WORK TO COMPLETE ▸
Starting at the line that holds "tribute to Buffett." and stopping at the line that holds "Ii.Economic and Trade Policy Environment", restate the records below word for word, with both of those lines included.

RECORDS PROVIDED ▸
-- Opening Marker --

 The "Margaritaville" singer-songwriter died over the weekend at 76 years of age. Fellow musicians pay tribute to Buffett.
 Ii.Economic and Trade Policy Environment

-- Closing Marker --
-- Opening Marker --

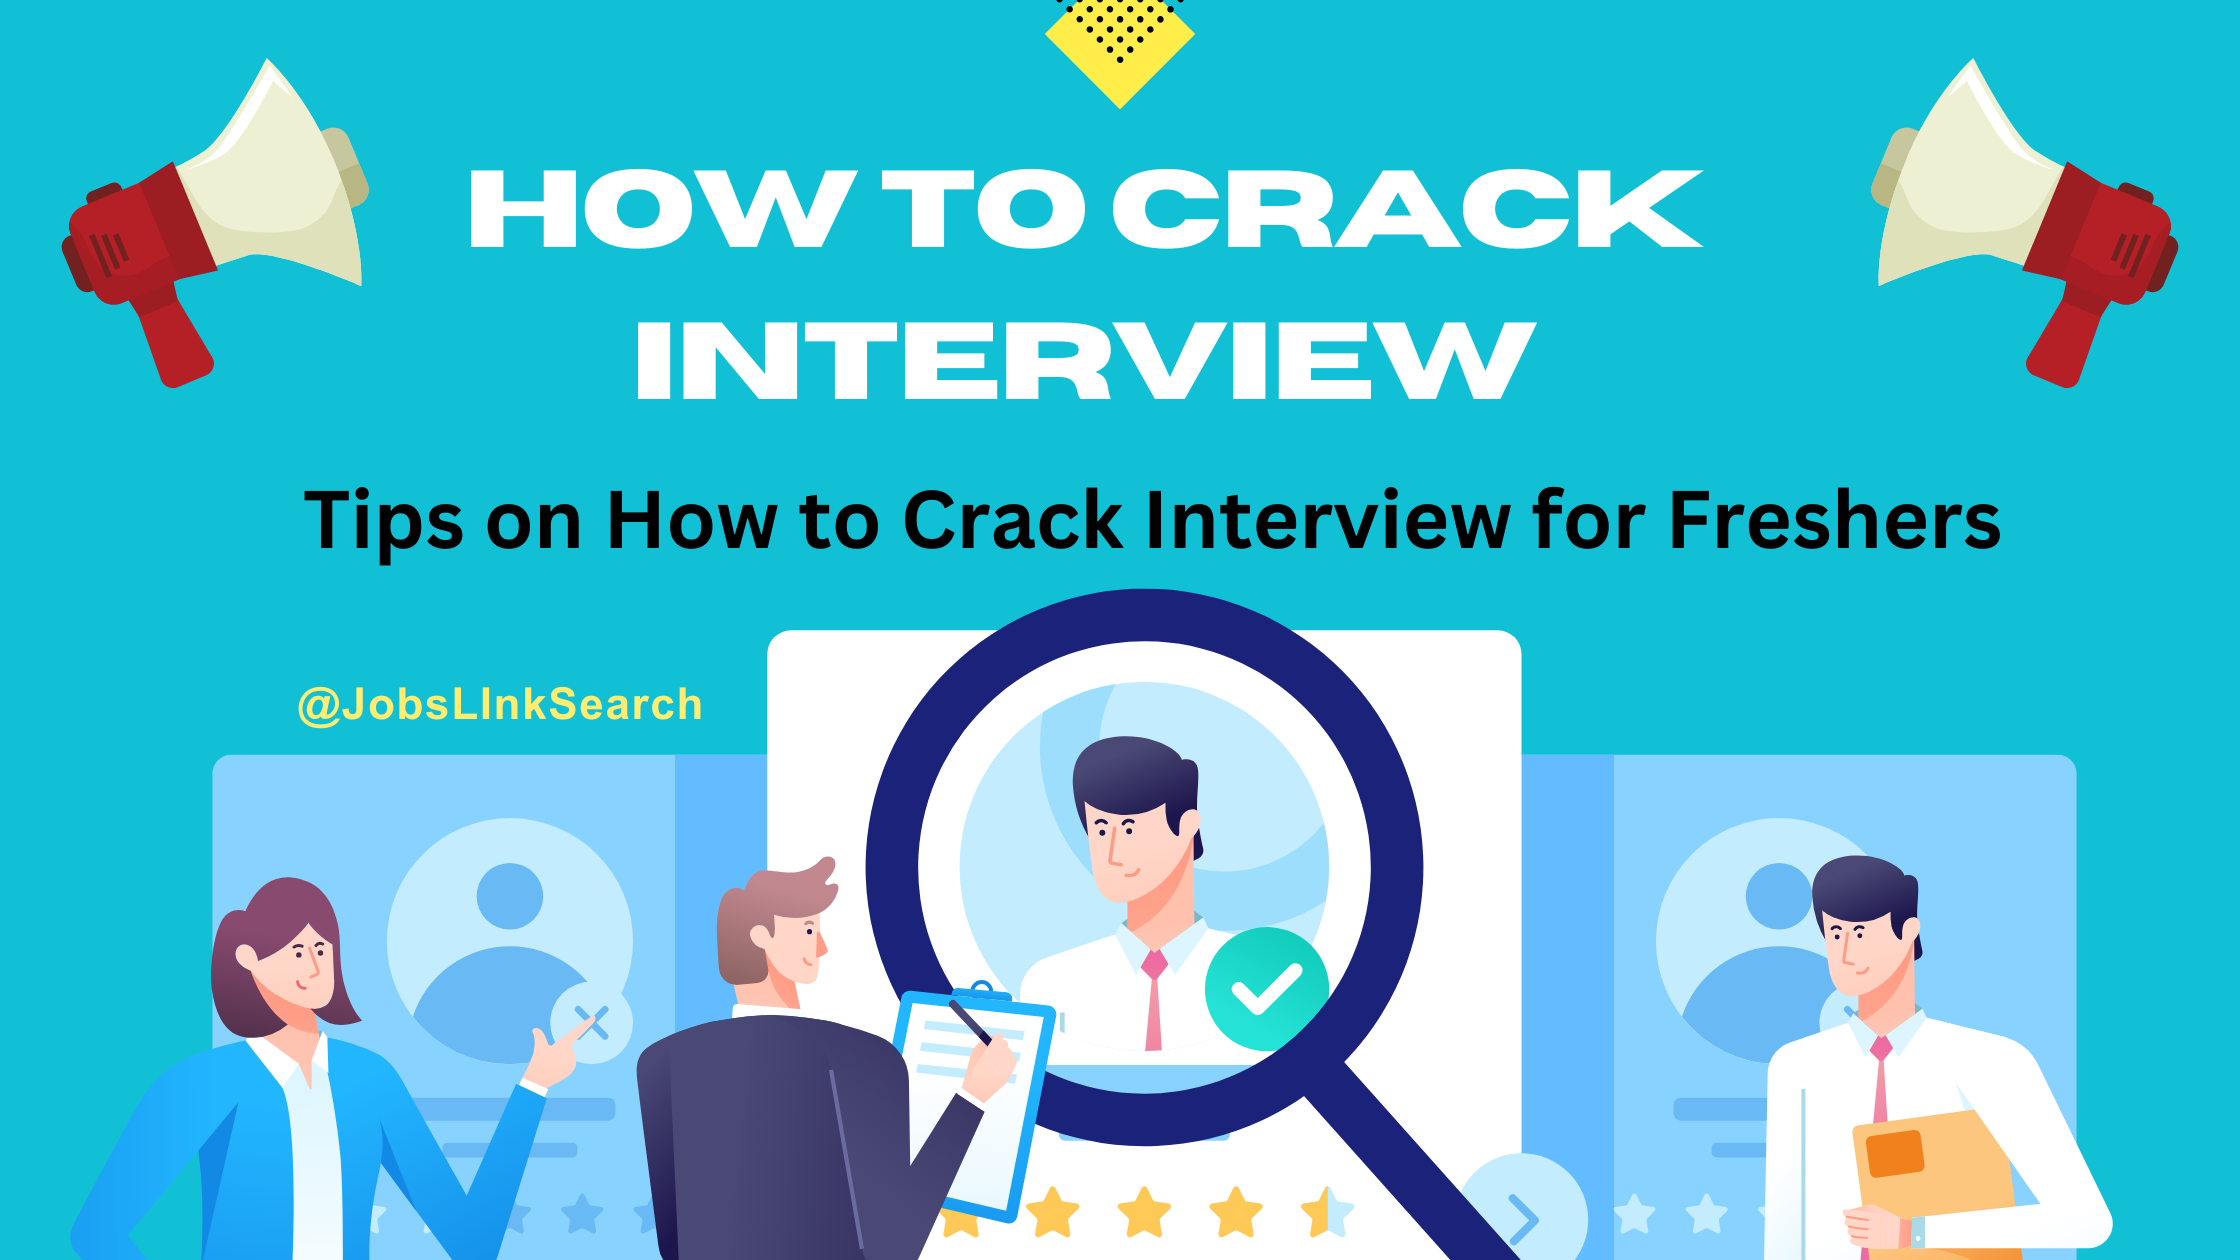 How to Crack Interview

-- Closing Marker --
-- Opening Marker --

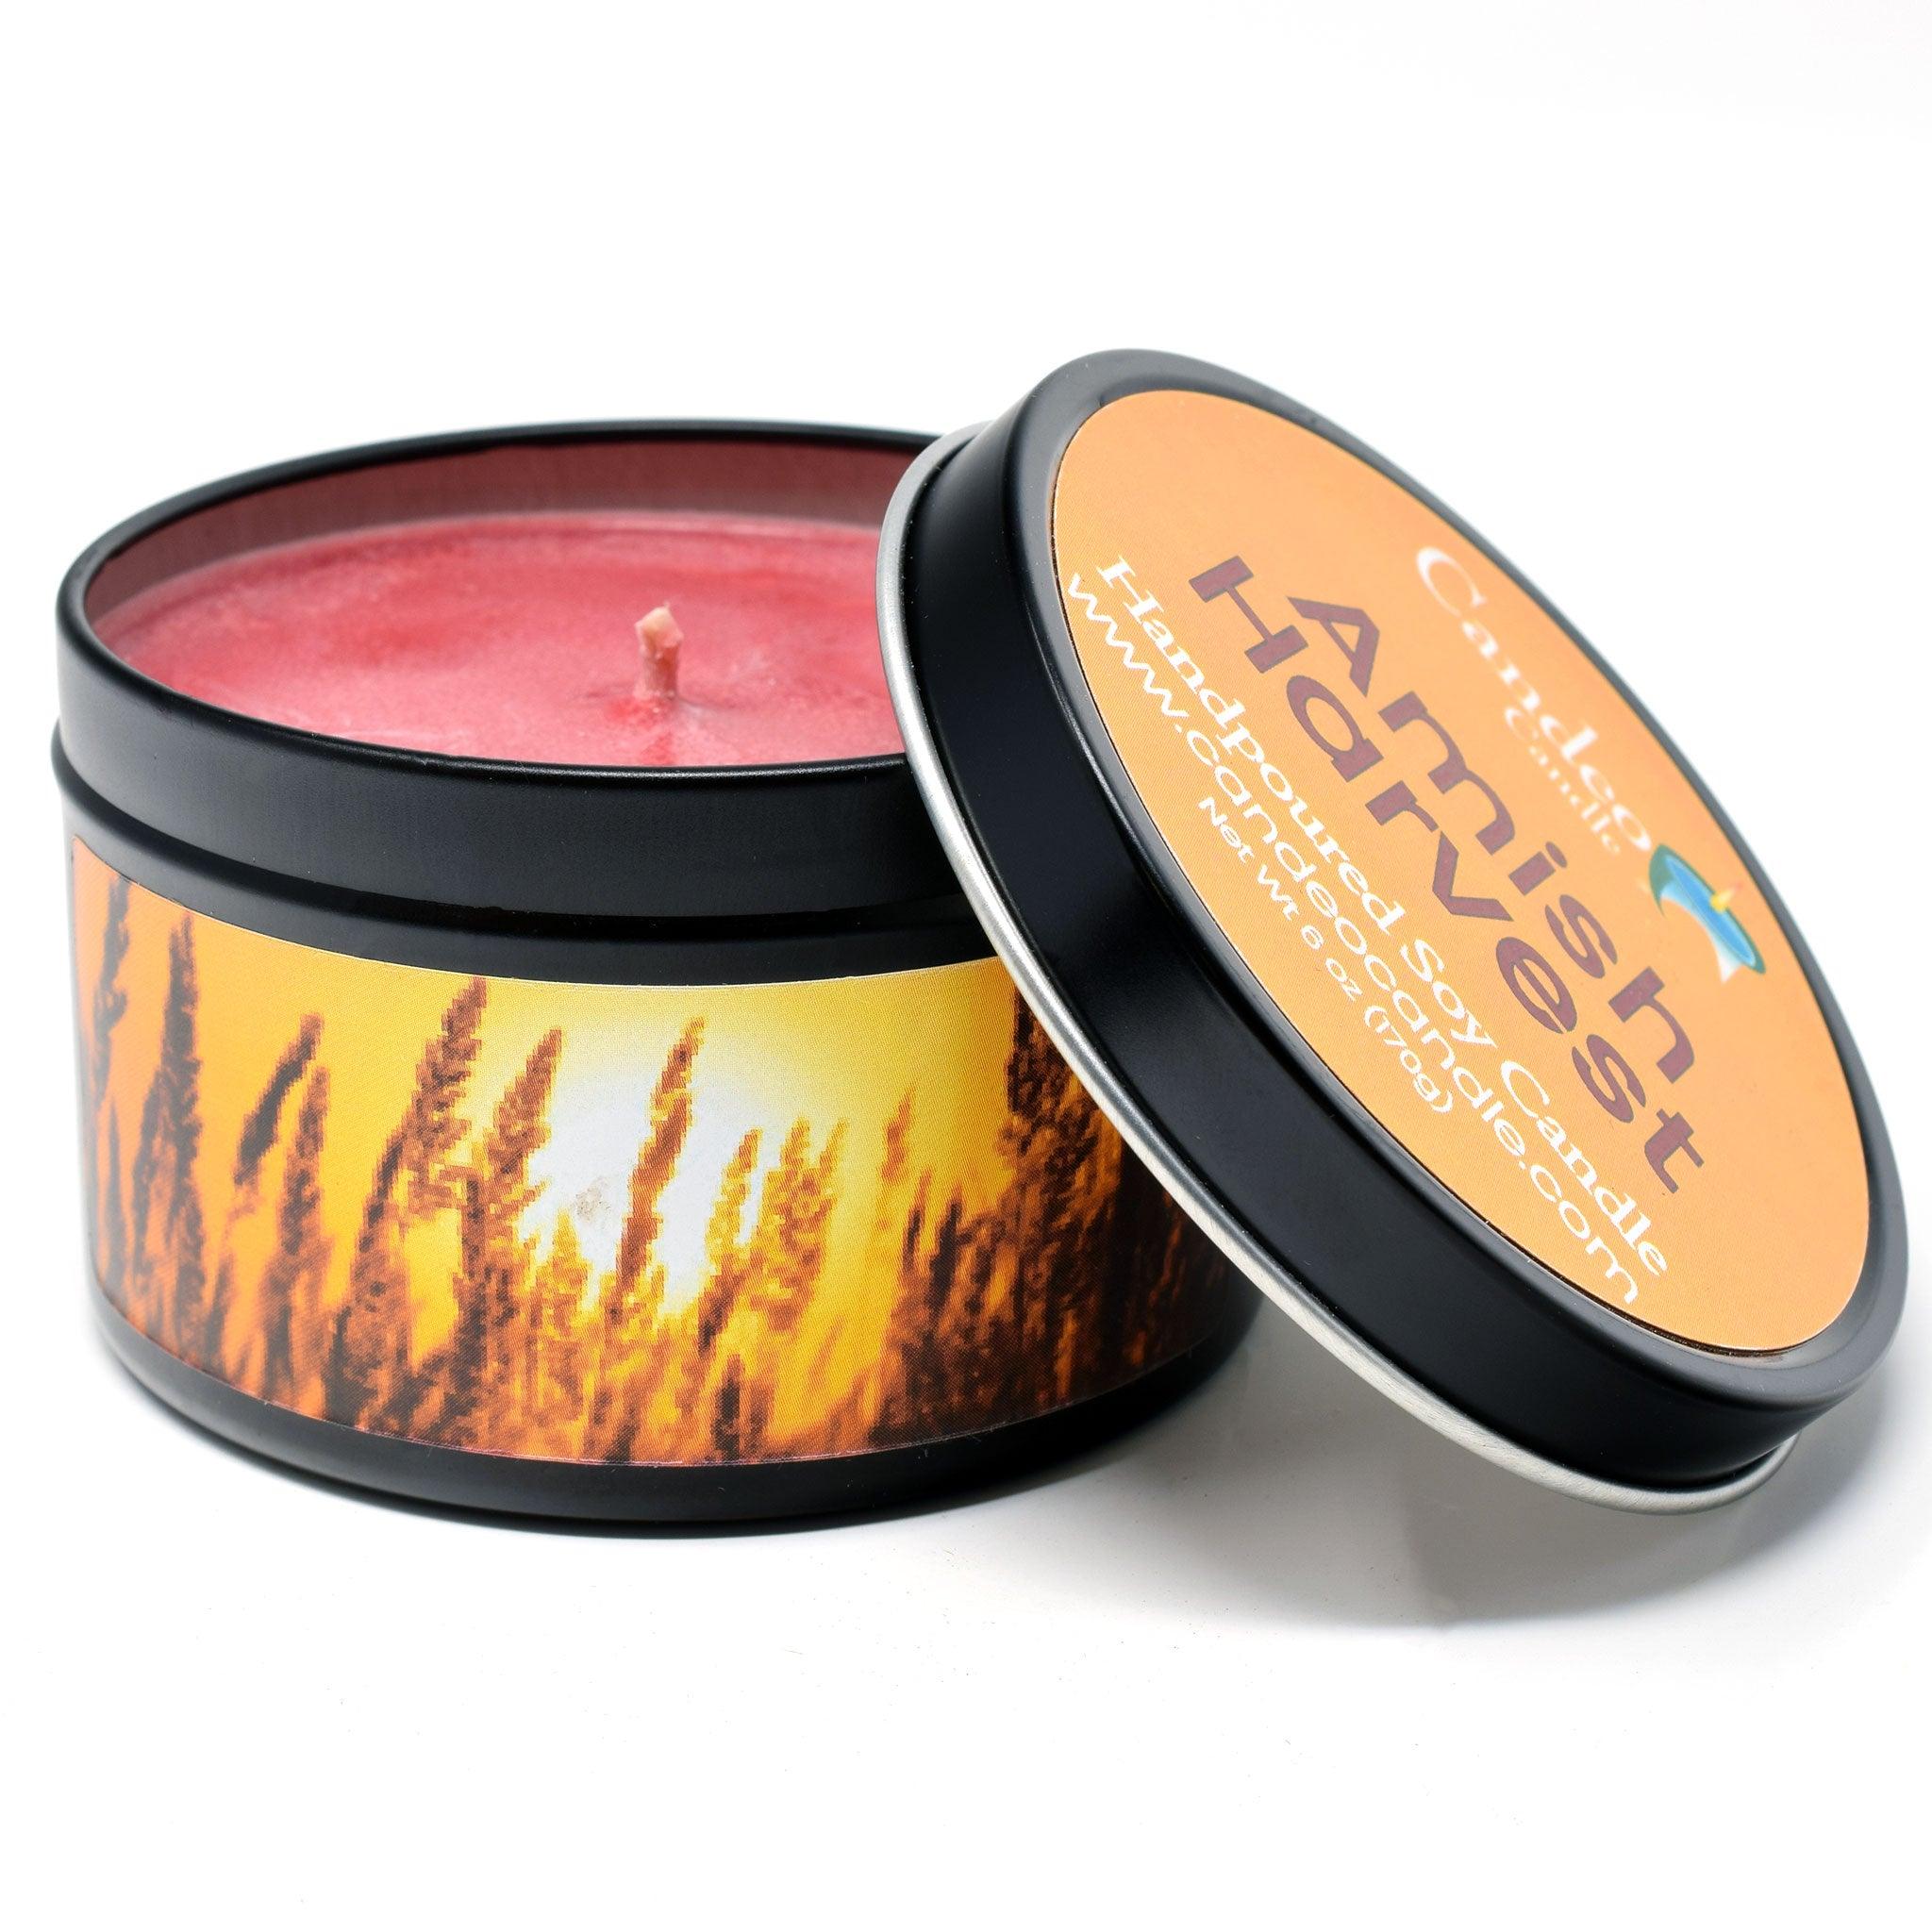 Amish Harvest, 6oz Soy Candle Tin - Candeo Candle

-- Closing Marker --

RESPONSE TO THIS EXERCISE ▸
 The "Margaritaville" singer-songwriter died over the weekend at 76 years of age. Fellow musicians pay tribute to Buffett.
 Ii.Economic and Trade Policy Environment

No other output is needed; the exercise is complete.